Ada Temuan Perbedaan Data Pemilih, Bawaslu Jabar Sebut Akan Dimasukan ke DPK

JABARNEWS | BANDUNG – Badan Pengawas Pemilu (Bawaslu) Jawa Barat memenukan adanya perbedaan data pemilih di Pilkada Serentak 2020 dan akan dimasukan ke Daftar Pemilih Khusus (DPK).

Koordinator Divisi Penyelesaian Sengketa Bawaslu Jabar, Yulianto mengatakan pihaknya mendukung supervisi hajat Pilkada di Jabar.
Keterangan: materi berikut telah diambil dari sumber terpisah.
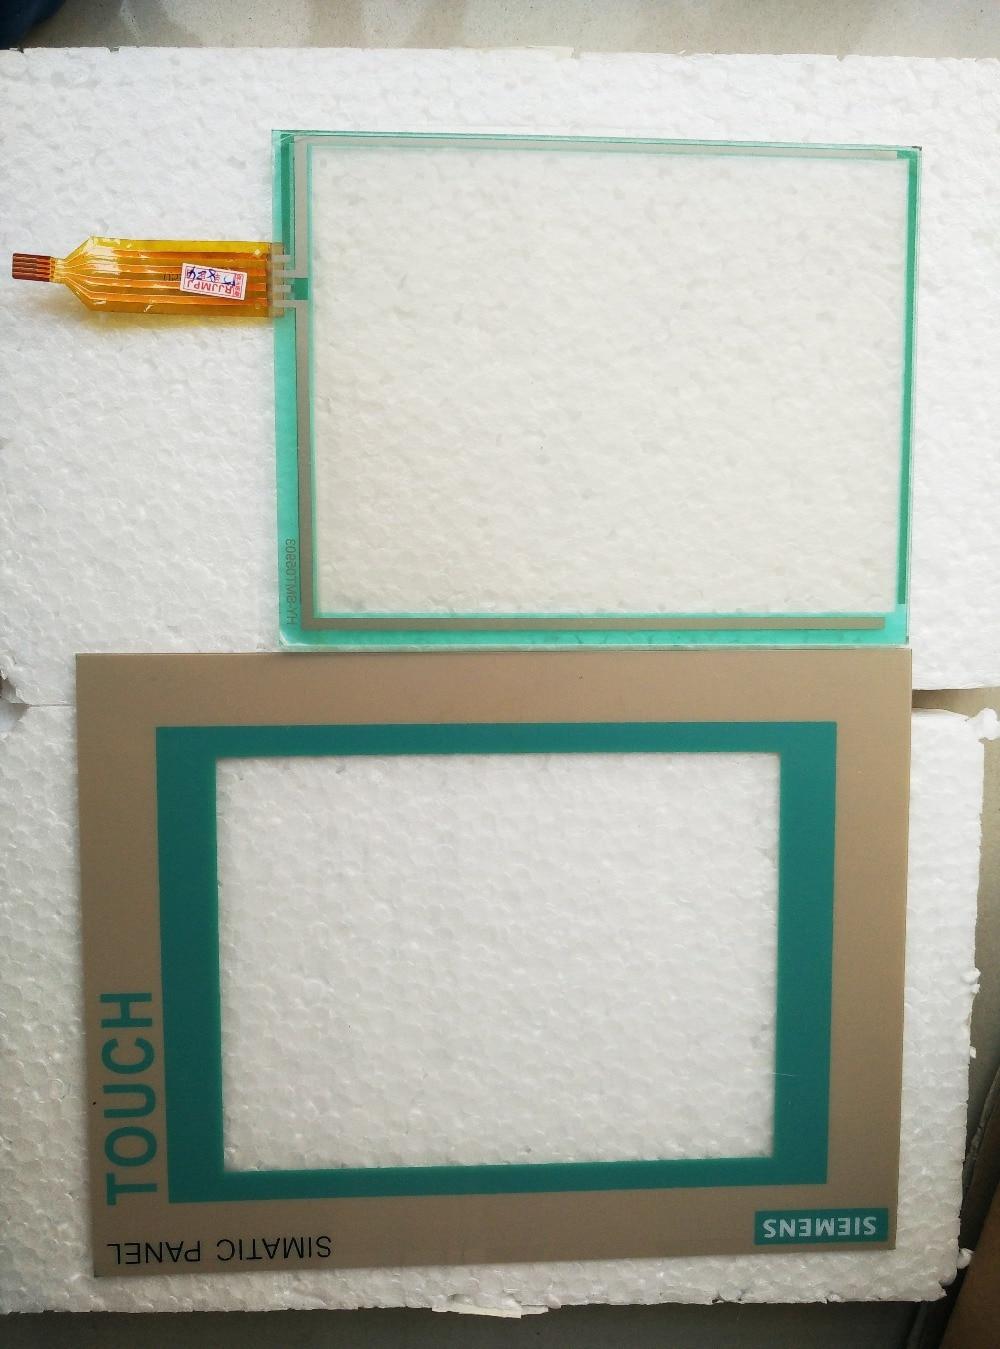 6AV6545-0BA15-2AX0,6AV6 545-0BA15-2AX0 Touch glass panel+protective film for Siemens TP170A NEW dhl eub 5pcs new kinoc protective film mt4414te 15 18

Dia juga mengakui bahwa ada beberapa selisih angka di lapangan yang ditemukan oleh Bawaslu, dari data KPU.

“Adanya perbedaan data-data terkait dengan pemilih pada saat pemilu terakhir itu masuk ke daftar pemilih khusus,” kata Yulianto di Bandung, Senin (21/9/2020).
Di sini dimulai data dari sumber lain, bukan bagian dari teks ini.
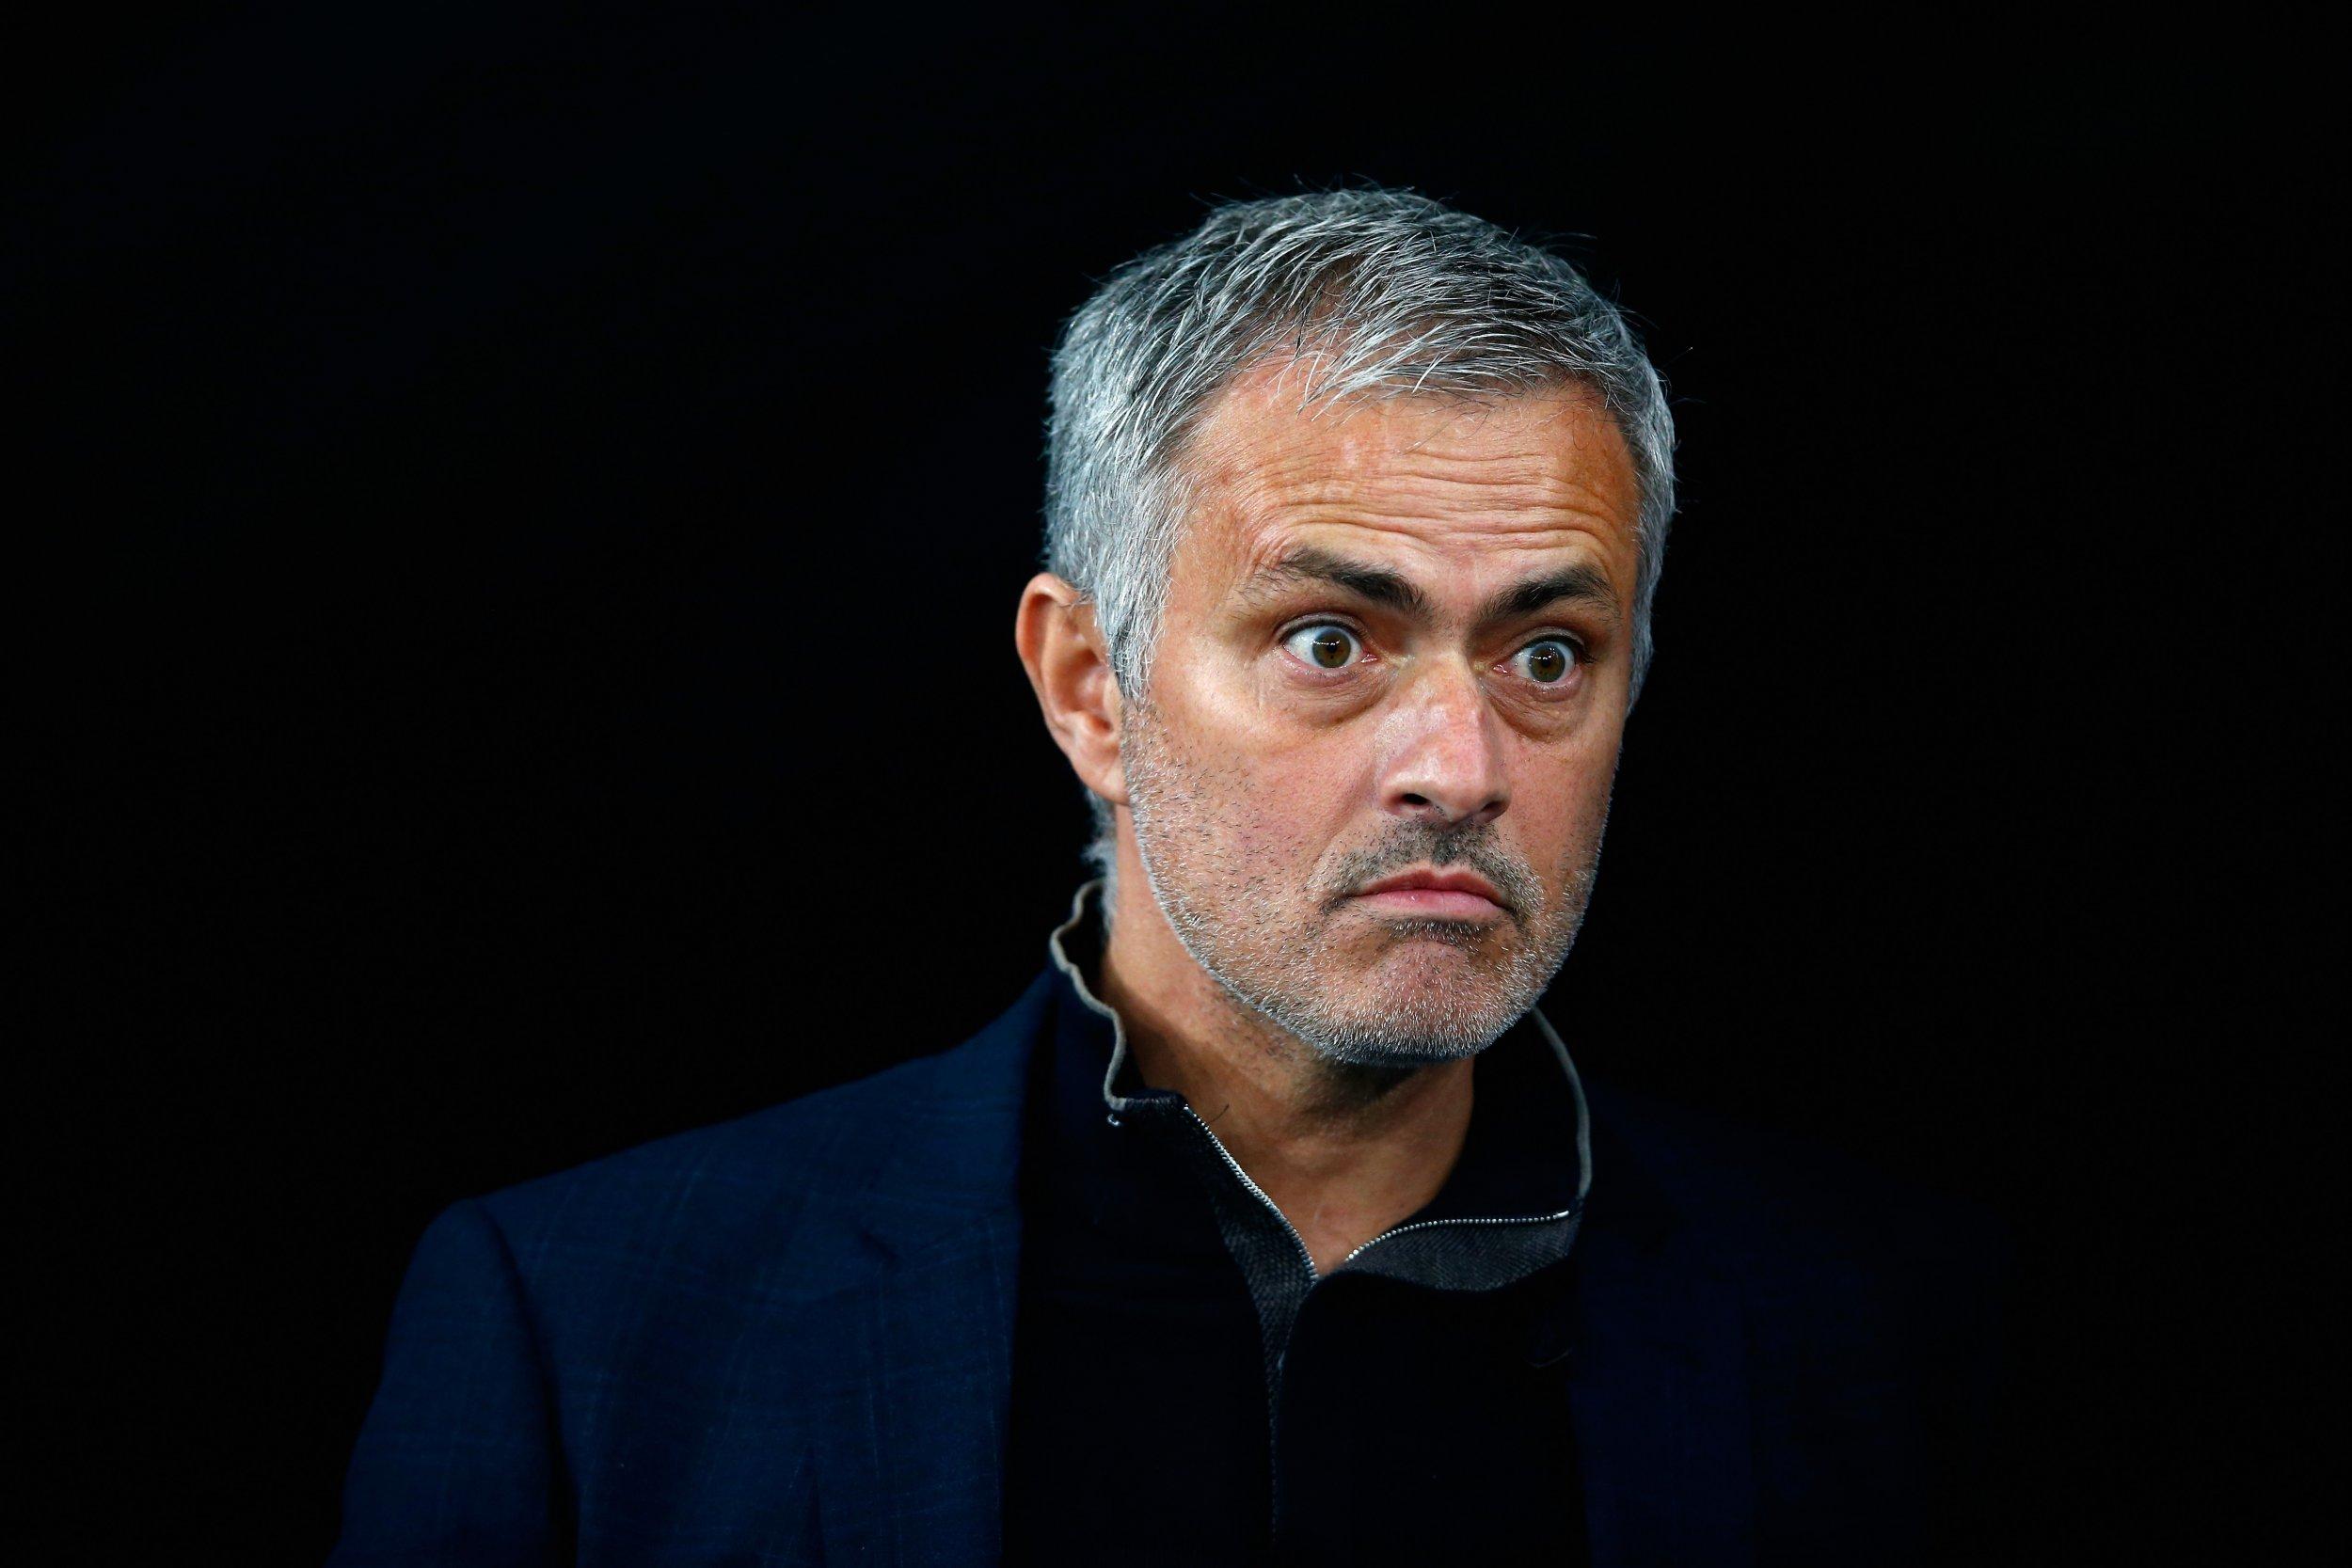 jose mourinho - photo #27

Baca Juga:  Mahasiswa Unisba Harus Baca Info Ini

Menurutnya, pemilih yang tidak terdaftar dalam Daftar Pemilih Tetap (DPT) Pemilu 2019, tetap bisa memilih sesuai kententuan yang ada dengan menunjukkan KTP-elektonik untuk menggunakan hak pilihnya.

“Nah, ini tidak sempat tercatat secara utuh atau dokumennya tidak ditemukan dan ditemukan namun dokumennya tidak lengkap,” ucapnya.

Yulianto menjelaskan, pada saat penetapan Daftar Pemilih Sementara (DPS) ini belum bisa masuk, terutama saat dilakukan pencoklitan, diantara hasil pengawasan Bawaslu Jabar.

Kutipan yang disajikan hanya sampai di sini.